Also I will add a check to stop more gracefully when the search returns no results. BTW I am not sure what version you are using but the release on PyPI is quite outdated so for now it is best to clone the repository and use the latest commit in the main branch!

complexbrains commented 2 years ago

Thank you so much for the reply, really helps indeed.

Actually I tried both in MacBook and Windows 10 and with the code in v 0.0.1 and the code in the main brunch, but in both cases, the double quote only works when the query contains term and date combinations.

So no quoting only works if there is a single term, and double quoting only works with term + date but not with a single term or several terms to query. So not having a consistent pattern makes it really hard to guess what is the reason atm but I will be digging on it soon too!

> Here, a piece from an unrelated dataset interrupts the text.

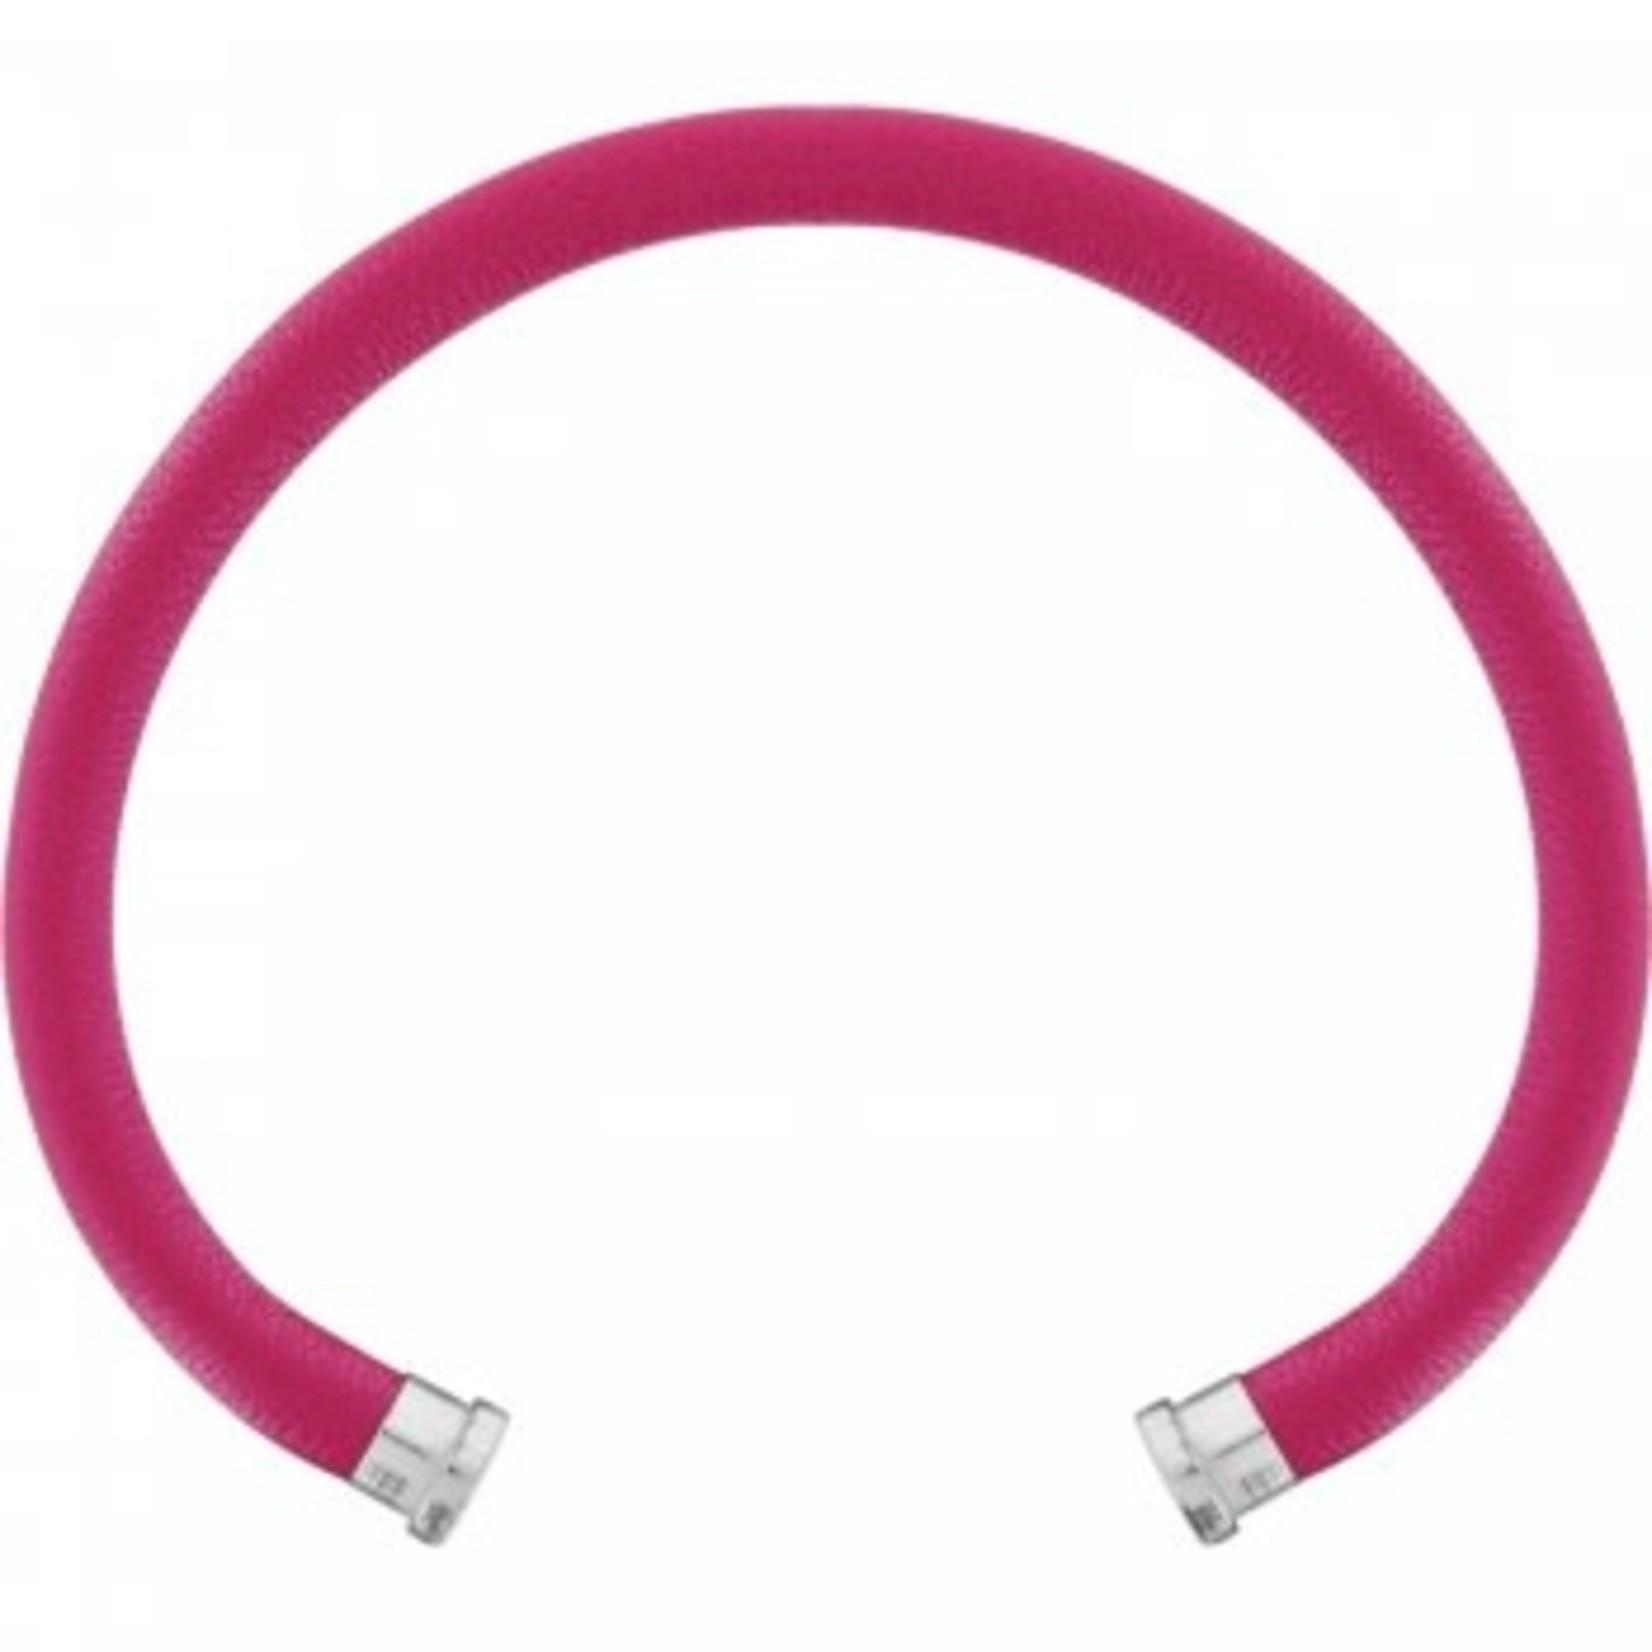 Brighton Color Clique Cord in Pashion Pink Leather M/L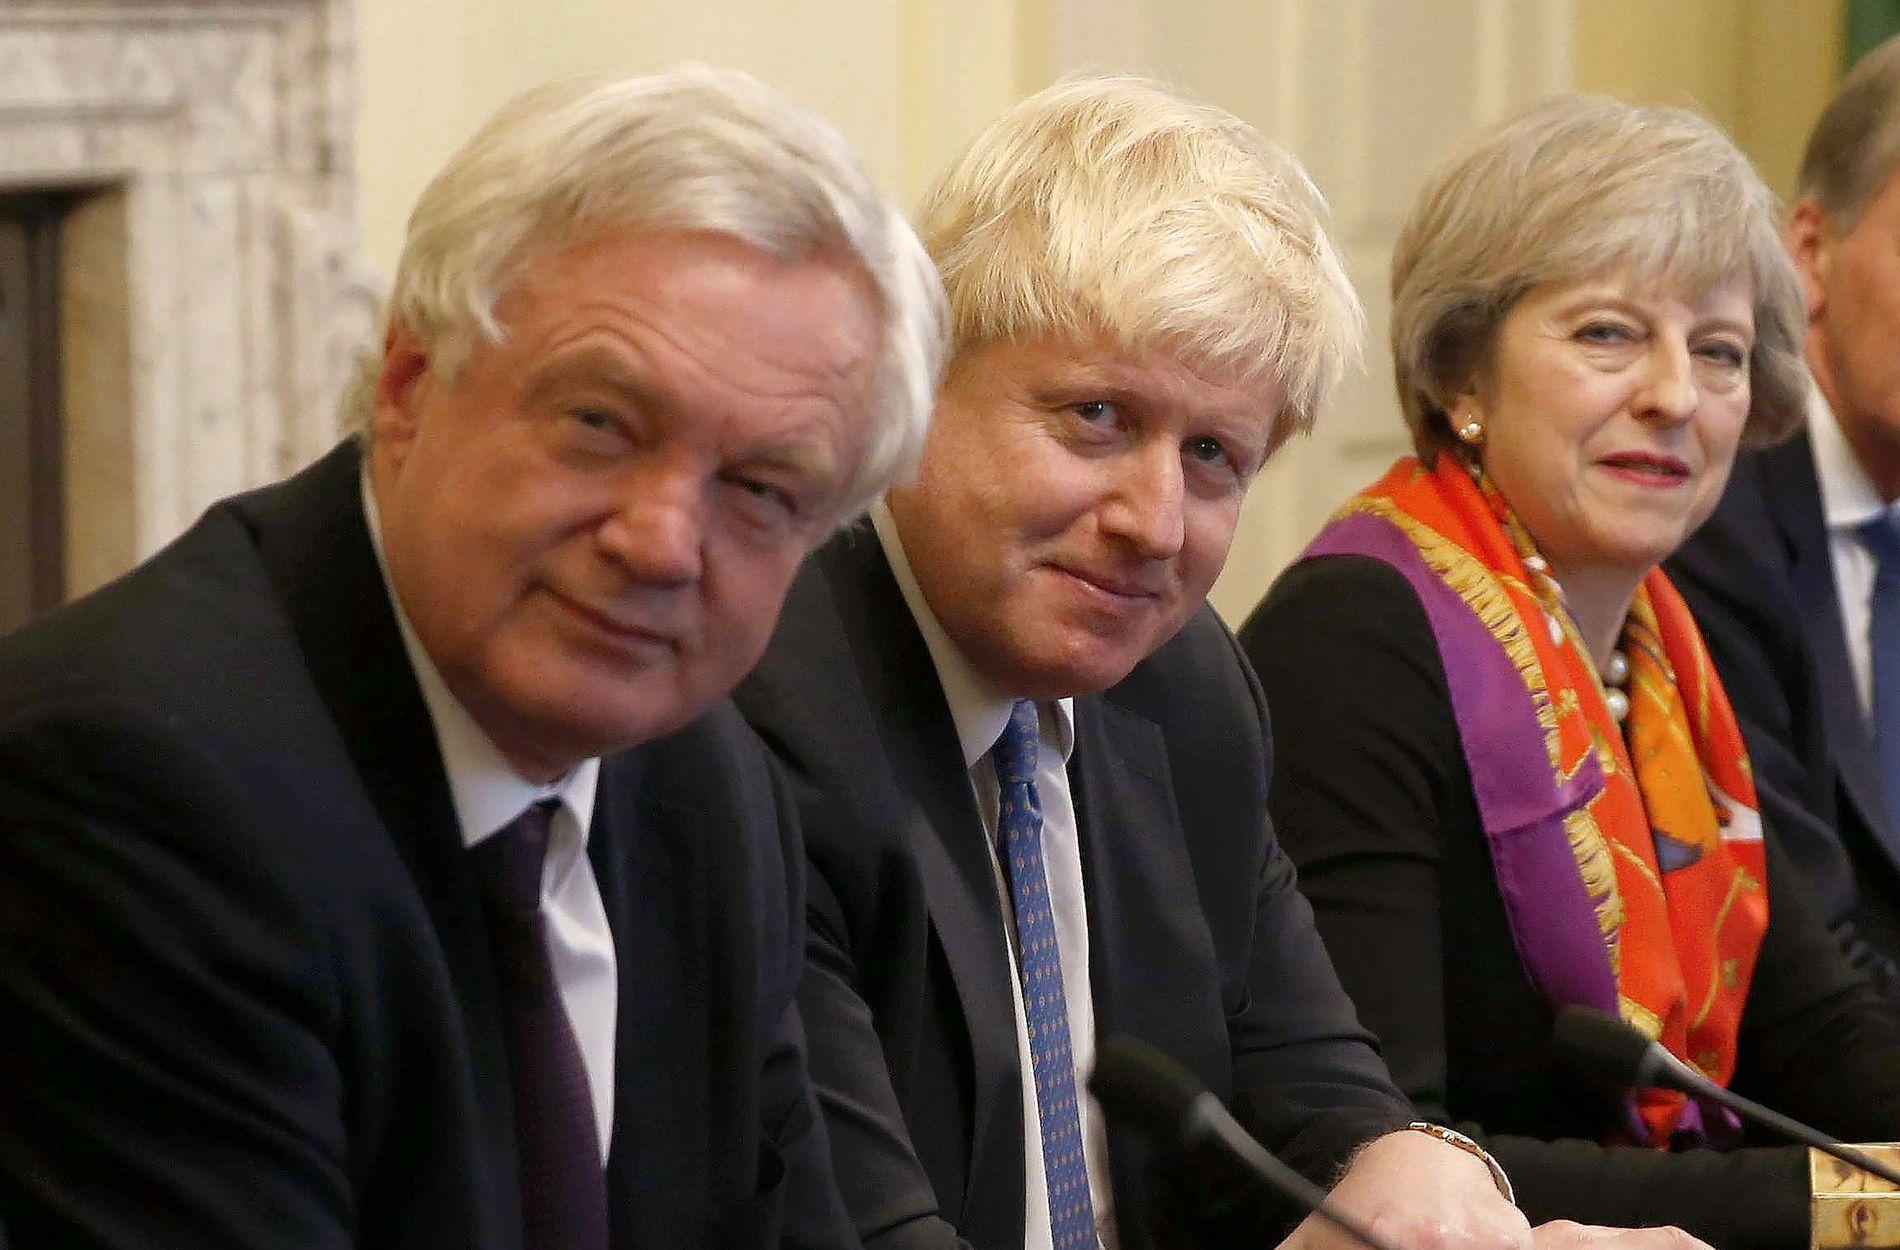 MINISTER-FLUKT: Bilde av den britiske statsministeren Theresa May (th) sammen med Brexit-ministeren David Davis (fv), og utenriksministeren Boris Johnson i november 2016. Den 9. juli gikk begge ministrene av.

Surely I love the features in the main repo! Will make sure hackathon participants download that version too so we can build upon. I had one error with running the pipeline with the main branch, but I have to repeat it and then will report it too.

Thank you so so much🤗

jeromedockes commented 2 years ago

Thanks for this information; I still think this has to do with the shell's parsing of quotes and splitting of the command line rather than nqdc itself, but it would certainly help if you could provide the exact commands and corresponding errors.

In any case writing the query in a file and using --query_file instead of --query may be easier, as in that case the query is not provided in the command line so no quoting or escaping is necessary. you may also want to check the query in the PubmedCentral website search bar.

glad to hear you will use this in the (brainhack?) hackathon, is the project description online? I could push a release to PyPI before if you think it is necessary. let me know of any other problems you run into!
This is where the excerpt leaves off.